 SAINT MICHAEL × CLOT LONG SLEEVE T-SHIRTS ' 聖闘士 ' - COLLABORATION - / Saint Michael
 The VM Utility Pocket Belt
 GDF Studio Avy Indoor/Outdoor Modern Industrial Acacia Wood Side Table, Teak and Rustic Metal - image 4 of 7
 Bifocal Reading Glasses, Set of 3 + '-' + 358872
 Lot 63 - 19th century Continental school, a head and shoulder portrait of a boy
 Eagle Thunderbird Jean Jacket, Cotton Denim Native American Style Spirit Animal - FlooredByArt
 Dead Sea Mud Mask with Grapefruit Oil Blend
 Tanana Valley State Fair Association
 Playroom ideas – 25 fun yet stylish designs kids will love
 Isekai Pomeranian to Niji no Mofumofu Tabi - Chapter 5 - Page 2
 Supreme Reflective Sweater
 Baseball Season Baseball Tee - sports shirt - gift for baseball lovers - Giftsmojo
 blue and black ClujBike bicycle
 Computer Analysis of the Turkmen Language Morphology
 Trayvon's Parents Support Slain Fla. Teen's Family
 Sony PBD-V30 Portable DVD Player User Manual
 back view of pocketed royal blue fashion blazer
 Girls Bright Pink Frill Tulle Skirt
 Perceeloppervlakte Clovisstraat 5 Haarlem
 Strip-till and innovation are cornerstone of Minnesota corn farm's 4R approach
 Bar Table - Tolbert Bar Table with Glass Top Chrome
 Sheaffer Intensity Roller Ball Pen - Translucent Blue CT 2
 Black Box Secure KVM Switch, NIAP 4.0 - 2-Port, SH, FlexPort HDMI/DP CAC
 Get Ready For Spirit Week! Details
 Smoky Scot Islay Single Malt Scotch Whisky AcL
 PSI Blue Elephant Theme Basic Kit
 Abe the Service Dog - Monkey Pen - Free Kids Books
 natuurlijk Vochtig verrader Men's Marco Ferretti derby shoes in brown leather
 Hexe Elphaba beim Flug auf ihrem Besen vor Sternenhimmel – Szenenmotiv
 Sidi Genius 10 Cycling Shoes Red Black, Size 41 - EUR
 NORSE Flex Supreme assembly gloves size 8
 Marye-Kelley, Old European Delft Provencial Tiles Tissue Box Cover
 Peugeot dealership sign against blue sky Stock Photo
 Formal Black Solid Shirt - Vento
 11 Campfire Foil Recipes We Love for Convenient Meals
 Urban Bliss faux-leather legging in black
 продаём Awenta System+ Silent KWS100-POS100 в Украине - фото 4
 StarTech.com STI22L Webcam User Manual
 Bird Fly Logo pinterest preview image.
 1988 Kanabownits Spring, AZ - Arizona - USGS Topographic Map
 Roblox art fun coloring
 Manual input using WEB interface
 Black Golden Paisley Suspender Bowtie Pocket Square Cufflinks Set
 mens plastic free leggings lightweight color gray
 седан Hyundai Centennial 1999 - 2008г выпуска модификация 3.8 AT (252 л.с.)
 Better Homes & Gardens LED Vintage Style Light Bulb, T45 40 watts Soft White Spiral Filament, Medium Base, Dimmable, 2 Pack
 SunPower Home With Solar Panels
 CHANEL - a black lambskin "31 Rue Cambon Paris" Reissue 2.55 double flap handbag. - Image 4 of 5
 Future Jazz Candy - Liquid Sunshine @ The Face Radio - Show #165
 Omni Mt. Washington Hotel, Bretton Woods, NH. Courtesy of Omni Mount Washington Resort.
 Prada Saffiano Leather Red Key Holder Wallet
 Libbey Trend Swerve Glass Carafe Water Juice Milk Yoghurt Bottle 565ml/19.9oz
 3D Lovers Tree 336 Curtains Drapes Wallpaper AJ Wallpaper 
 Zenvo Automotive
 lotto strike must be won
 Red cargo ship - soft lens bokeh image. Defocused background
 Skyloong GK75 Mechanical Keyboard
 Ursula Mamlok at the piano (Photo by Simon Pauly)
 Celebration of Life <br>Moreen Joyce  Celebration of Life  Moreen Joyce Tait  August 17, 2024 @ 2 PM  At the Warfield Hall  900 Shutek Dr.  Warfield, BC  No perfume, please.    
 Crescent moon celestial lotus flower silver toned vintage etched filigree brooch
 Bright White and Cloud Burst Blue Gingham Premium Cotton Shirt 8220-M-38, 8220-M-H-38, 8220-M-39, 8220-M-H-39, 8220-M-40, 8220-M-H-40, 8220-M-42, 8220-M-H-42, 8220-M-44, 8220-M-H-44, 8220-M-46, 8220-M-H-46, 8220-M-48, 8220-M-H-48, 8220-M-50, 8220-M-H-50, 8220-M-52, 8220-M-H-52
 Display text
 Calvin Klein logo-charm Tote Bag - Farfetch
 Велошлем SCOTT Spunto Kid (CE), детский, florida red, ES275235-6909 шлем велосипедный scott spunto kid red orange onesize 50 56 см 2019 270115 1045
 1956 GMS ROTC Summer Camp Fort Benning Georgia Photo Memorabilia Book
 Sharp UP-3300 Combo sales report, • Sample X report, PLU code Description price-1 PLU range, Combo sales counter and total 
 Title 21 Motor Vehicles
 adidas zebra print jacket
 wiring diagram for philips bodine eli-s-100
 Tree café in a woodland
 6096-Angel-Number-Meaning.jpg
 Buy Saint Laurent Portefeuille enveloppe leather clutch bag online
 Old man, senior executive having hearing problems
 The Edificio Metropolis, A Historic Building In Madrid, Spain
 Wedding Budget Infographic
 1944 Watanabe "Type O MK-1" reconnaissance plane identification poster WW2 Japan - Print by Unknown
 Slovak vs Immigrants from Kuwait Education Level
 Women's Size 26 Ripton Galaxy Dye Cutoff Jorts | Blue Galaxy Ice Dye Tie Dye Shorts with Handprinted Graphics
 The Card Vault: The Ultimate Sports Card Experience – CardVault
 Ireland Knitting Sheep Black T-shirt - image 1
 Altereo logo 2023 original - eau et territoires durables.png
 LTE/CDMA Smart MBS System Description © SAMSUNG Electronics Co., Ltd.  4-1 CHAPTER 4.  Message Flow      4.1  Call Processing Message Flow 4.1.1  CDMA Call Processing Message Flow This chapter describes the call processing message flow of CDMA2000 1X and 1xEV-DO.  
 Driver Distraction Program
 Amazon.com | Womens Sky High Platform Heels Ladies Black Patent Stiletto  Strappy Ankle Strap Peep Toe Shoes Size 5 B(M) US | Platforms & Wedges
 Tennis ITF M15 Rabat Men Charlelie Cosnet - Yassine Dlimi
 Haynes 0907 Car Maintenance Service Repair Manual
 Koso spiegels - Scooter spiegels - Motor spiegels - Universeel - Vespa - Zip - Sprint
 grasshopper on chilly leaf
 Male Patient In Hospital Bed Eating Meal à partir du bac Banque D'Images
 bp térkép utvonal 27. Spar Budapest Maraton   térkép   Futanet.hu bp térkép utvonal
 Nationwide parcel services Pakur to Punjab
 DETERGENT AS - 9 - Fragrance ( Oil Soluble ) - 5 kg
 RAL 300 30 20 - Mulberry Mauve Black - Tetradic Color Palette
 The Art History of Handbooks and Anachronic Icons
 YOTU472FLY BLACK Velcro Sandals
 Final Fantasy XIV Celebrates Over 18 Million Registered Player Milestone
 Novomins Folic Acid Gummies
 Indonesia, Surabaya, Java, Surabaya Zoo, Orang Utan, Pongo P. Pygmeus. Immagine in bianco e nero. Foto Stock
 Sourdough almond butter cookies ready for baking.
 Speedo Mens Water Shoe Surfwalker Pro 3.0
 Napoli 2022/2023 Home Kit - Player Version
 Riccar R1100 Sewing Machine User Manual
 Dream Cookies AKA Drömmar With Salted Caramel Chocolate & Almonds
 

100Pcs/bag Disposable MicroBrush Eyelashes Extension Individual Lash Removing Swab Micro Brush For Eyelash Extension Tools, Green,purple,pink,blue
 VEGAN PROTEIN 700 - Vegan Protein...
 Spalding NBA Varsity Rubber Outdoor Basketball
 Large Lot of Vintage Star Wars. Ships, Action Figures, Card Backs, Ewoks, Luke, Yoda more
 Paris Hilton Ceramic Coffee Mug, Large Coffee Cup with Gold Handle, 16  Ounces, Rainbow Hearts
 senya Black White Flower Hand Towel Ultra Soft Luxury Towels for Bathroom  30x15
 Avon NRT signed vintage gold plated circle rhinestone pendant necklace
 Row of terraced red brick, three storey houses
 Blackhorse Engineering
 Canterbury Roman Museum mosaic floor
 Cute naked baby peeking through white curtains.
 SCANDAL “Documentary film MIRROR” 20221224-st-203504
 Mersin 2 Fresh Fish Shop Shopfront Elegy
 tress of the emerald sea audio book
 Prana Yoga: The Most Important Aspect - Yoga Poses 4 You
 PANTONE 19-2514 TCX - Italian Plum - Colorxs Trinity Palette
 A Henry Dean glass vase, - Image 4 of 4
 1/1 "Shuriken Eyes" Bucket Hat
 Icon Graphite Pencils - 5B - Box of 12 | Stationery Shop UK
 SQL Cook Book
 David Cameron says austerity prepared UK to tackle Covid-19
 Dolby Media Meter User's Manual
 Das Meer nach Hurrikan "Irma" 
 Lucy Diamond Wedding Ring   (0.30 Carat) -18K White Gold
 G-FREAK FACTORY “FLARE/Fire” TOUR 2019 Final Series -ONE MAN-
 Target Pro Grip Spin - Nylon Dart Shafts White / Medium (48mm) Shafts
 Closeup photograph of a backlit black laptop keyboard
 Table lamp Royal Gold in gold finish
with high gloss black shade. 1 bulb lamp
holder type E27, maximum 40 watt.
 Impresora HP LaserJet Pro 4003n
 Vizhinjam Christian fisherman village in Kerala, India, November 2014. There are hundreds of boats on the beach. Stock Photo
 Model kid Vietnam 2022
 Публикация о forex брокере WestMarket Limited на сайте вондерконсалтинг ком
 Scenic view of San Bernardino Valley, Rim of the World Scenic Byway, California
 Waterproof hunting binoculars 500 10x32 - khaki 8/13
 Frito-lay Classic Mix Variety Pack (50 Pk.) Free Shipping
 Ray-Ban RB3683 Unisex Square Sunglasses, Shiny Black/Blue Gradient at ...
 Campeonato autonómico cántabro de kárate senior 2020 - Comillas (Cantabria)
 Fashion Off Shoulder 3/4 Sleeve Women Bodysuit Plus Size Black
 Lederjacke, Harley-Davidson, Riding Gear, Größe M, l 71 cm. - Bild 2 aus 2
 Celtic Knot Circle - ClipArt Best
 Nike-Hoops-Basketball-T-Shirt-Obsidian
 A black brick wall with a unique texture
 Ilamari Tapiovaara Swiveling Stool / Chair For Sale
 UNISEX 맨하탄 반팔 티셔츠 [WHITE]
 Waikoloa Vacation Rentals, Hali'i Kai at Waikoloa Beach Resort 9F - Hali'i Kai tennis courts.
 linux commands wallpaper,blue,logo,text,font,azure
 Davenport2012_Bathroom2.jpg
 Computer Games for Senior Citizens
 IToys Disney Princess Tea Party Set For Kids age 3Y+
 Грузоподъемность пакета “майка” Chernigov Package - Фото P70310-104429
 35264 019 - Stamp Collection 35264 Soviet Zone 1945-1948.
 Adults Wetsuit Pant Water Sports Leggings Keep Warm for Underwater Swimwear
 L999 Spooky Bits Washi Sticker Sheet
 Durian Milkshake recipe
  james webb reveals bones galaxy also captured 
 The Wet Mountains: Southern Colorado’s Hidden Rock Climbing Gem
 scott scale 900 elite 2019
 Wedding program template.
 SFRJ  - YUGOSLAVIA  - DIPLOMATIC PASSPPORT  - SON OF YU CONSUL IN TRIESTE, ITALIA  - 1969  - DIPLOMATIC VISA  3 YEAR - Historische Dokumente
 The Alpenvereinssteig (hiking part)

================

[WHAT THE TASK REQUIRES]: An exact, complete copy of the lines above from the one with "Dead Sea Mud Mask with Grapefruit Oil Blend" through the one with "Hexe Elphaba beim" is the whole answer.

[REPLY]:
 Dead Sea Mud Mask with Grapefruit Oil Blend
 Tanana Valley State Fair Association
 Playroom ideas – 25 fun yet stylish designs kids will love
 Isekai Pomeranian to Niji no Mofumofu Tabi - Chapter 5 - Page 2
 Supreme Reflective Sweater
 Baseball Season Baseball Tee - sports shirt - gift for baseball lovers - Giftsmojo
 blue and black ClujBike bicycle
 Computer Analysis of the Turkmen Language Morphology
 Trayvon's Parents Support Slain Fla. Teen's Family
 Sony PBD-V30 Portable DVD Player User Manual
 back view of pocketed royal blue fashion blazer
 Girls Bright Pink Frill Tulle Skirt
 Perceeloppervlakte Clovisstraat 5 Haarlem
 Strip-till and innovation are cornerstone of Minnesota corn farm's 4R approach
 Bar Table - Tolbert Bar Table with Glass Top Chrome
 Sheaffer Intensity Roller Ball Pen - Translucent Blue CT 2
 Black Box Secure KVM Switch, NIAP 4.0 - 2-Port, SH, FlexPort HDMI/DP CAC
 Get Ready For Spirit Week! Details
 Smoky Scot Islay Single Malt Scotch Whisky AcL
 PSI Blue Elephant Theme Basic Kit
 Abe the Service Dog - Monkey Pen - Free Kids Books
 natuurlijk Vochtig verrader Men's Marco Ferretti derby shoes in brown leather
 Hexe Elphaba beim Flug auf ihrem Besen vor Sternenhimmel – Szenenmotiv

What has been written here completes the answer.